- _DIRECTIONS FOR THIS TASK_:
Please return only the lines from the one holding "Marvel Legend Marvel's" through the one holding "Building Blocks Name", exactly as they appear in the records below, both ends included.

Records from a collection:
┌──
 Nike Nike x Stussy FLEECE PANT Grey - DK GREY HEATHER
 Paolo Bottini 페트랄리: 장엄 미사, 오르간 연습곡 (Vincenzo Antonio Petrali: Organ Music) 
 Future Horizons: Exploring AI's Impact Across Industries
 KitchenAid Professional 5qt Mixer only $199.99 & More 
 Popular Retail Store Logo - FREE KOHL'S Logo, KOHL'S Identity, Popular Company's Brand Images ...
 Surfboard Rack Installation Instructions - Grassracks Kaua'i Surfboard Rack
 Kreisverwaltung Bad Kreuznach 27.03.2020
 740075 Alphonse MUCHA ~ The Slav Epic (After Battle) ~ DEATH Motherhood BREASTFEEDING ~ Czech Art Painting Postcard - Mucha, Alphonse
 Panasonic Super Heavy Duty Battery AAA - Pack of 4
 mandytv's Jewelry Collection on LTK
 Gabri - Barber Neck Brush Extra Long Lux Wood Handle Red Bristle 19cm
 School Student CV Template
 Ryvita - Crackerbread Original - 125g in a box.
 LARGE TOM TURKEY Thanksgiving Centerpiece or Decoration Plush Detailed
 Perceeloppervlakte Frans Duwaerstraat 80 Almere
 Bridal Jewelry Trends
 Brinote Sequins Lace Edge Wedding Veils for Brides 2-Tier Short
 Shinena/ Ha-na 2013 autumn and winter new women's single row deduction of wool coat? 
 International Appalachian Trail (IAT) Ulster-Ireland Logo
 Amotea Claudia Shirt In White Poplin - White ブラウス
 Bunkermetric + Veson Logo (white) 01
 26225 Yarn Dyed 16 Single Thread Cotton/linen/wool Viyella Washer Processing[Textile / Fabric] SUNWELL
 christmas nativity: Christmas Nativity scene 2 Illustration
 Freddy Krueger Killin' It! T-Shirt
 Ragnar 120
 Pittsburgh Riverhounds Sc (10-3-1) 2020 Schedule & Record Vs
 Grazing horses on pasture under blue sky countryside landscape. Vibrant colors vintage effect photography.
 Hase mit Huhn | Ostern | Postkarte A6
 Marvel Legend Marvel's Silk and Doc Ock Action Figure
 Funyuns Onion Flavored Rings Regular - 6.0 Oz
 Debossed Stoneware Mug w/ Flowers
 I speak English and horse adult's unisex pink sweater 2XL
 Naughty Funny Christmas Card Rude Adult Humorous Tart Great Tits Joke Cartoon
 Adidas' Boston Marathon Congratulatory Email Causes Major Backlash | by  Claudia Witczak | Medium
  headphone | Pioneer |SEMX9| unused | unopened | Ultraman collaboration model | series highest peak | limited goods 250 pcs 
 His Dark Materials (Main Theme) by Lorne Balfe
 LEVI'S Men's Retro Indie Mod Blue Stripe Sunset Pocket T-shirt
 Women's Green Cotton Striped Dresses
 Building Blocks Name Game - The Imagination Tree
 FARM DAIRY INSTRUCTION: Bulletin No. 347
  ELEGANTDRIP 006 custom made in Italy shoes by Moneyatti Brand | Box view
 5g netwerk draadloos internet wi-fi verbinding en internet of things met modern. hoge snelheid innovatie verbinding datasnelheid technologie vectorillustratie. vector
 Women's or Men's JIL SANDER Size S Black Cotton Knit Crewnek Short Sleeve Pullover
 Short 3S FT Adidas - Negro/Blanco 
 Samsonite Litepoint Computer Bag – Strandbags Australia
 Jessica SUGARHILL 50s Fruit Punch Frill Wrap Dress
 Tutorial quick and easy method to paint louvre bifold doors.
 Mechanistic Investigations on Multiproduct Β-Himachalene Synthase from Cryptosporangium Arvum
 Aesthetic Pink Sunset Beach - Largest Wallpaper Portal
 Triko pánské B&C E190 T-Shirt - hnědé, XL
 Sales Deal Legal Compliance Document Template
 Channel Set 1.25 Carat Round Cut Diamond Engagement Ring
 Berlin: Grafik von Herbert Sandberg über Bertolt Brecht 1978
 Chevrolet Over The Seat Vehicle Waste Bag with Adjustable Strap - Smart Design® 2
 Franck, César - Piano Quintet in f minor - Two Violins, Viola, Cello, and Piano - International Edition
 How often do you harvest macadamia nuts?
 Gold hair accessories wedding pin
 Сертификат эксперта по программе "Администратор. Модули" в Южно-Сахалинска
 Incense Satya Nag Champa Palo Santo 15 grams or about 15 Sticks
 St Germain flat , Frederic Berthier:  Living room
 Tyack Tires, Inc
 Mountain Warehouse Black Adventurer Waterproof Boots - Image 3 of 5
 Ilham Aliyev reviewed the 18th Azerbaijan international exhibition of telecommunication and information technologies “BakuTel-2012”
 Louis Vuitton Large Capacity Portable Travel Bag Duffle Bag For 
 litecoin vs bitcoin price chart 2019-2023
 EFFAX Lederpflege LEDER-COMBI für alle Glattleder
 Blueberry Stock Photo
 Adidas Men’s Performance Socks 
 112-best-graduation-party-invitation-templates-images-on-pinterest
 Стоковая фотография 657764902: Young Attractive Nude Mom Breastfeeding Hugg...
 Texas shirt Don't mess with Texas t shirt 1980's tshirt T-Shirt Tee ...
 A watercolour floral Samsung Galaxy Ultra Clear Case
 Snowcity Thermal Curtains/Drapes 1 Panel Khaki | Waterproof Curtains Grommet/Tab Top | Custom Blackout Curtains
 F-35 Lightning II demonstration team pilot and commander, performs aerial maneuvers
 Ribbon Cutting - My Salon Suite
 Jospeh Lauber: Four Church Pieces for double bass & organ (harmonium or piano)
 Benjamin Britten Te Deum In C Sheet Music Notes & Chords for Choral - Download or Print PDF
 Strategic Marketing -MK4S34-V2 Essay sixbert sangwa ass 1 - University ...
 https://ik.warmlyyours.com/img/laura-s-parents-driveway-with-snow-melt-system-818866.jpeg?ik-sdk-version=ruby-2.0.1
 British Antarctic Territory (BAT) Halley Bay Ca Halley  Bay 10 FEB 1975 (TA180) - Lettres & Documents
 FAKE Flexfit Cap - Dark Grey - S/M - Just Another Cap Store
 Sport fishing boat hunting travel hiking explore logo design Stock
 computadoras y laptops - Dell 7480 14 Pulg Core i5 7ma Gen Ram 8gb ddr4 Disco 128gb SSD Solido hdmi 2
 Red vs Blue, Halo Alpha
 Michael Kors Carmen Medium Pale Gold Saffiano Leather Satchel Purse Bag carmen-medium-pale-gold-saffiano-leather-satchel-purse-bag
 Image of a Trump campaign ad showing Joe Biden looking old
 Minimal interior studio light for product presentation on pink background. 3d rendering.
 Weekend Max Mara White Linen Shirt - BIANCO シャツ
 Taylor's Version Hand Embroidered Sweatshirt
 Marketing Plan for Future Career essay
└──
- _SOLUTION TO THIS TASK_:
 Marvel Legend Marvel's Silk and Doc Ock Action Figure
 Funyuns Onion Flavored Rings Regular - 6.0 Oz
 Debossed Stoneware Mug w/ Flowers
 I speak English and horse adult's unisex pink sweater 2XL
 Naughty Funny Christmas Card Rude Adult Humorous Tart Great Tits Joke Cartoon
 Adidas' Boston Marathon Congratulatory Email Causes Major Backlash | by  Claudia Witczak | Medium
  headphone | Pioneer |SEMX9| unused | unopened | Ultraman collaboration model | series highest peak | limited goods 250 pcs 
 His Dark Materials (Main Theme) by Lorne Balfe
 LEVI'S Men's Retro Indie Mod Blue Stripe Sunset Pocket T-shirt
 Women's Green Cotton Striped Dresses
 Building Blocks Name Game - The Imagination Tree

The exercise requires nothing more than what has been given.